The Photographer Continues to Explore Storytelling With Video

Leading up to the Paul Insect exhibit over at Venice’s Post No Bills gallery, photographer Carlos Gonzalez continued to challenge his visual skills by creating a video to impart a visual narrative, a psychological grounding to the physical process of the artist preparing for the show. The discovery of what it takes to create the show and the prints that were to sold inspired Carlos to tell the story in a new way, using video more than he has before.

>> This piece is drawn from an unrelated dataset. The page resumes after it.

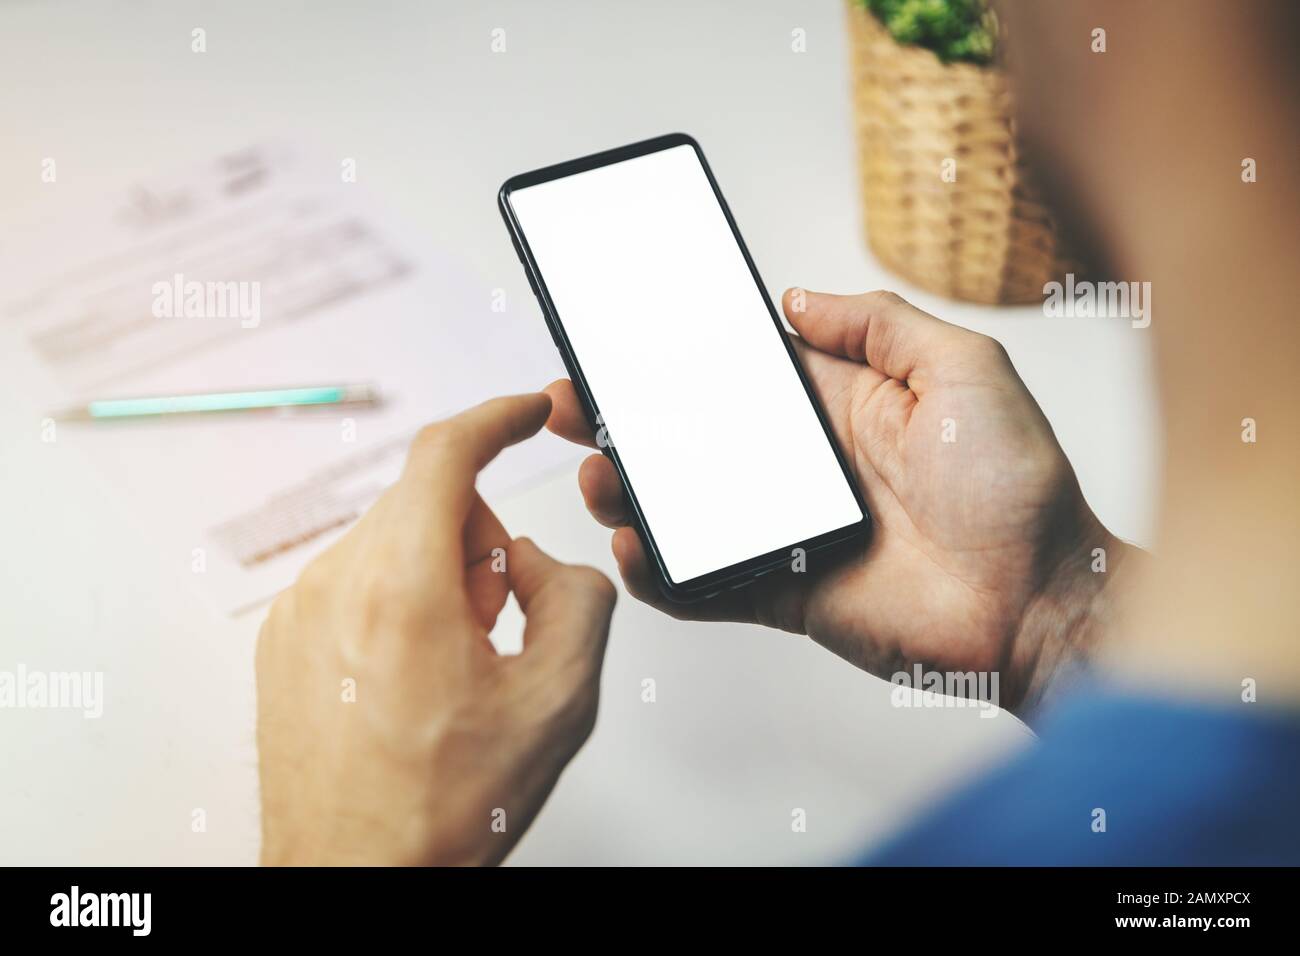 homme utilisant un smartphone pour les transactions financières. tenir le téléphone avec un écran vide en main Banque D'Images

Careful observation of movement, pattern, subtleties of technique – all underlaid with a sophistication in audio selections – reveals a talent in the storyteller that keeps unfolding before our eyes even as he endeavors to tell us about Paul Insect the artist and the Ramon De Larosa, the print master. As De Larosa mans the 2oo year old machine to create pieces for the U.K. based artist, bobbing and rolling and pulling and pressing play out as dance over a bed of electronic music and mechanical beats,  succinctly merging two centuries into one.

And in this newest video the screen printing process is explained in 80 seconds to the quick cuts and fluttering drum meter of a motor city inflected rockabilly beat as De Larosa gently applies rich patches of color to a new Insect portrait. It feels like we are all learning at one time – artist, master, videographer, observer.